2016-07-07

Why Speed of your Site is Important?

Why I have to visit your website, if it force me to wait longer for just open your pages? Do you think that all visitors have high-speed connection like you? If you know the answers for these questions, you will definitely know how is the speed is very important for your visitors and search engine as well. It’s not only related to earn from your site but it has more related to your website’s reputation that you building it daily by your content.

Your visitors pleased is all what your website has and nothing can make them happy more than top quality content and super fast sites especially on their mobile devices because it has less bandwidth than PC and laptop.



If you really care for your site then stop all your online activities and start serious work until you make your site speed at least load within one second.
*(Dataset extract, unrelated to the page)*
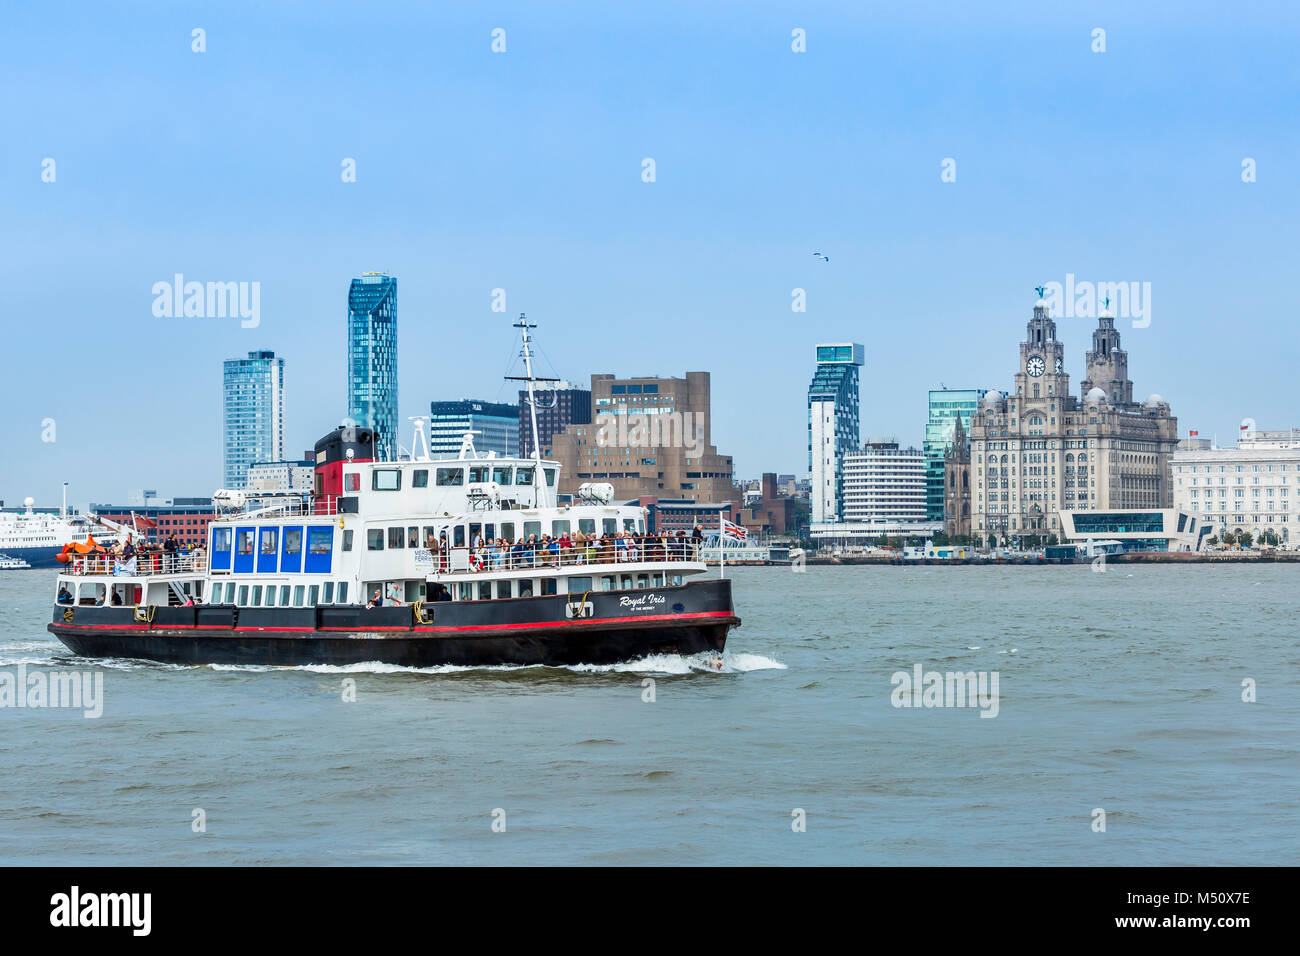 Mersey Ferry Royal Iris with Liverpool waterfront behind including the Royal Liver building. Stock Photo

Once you made your site load faster, search engines will digging behind you because you response so fast same with your visitors they will wait your news impatiently.

You have to keep in mind, site speed is one of the top important rank factors in 2015 and 2016 that definitely affect your traffic negatively or positively according to your speed score.

Before you start reading the rest of this topic, you have to know your current speed score to know where you will start and you don’t have to fix all issues in one day just start with easy tasks then harder jobs so you won’t feel bored.

There is many online speed analyzing tools but i always prefer GTMetrix and Google PageSpeed Insights because they gave me all what i need simply without any complications.

What is the Benefits of Fast Load Speed of Your Site?

Increase Conversion Rate

Conversion happened when a visitor complete an action that you want him to complete like paying for service, purchase product, download software or application, etc.

Each second you save of your site load time, you will tend to increase customer confidence and site reputation which lead for more actions made by your visitors.

A huge example for this point is Amazon in 2006 presented case study between page load time and online customer revenue, the results was shocked all the internet which is every 100-millisecond delay in page rendering time resulted in a 1% loss of sales for Amazon.



Reduce Bounce Rate

According to Google description Bounce Rate is the percentage of single-page sessions (i.e. sessions in which the person left your site from the entrance page without interacting with the page).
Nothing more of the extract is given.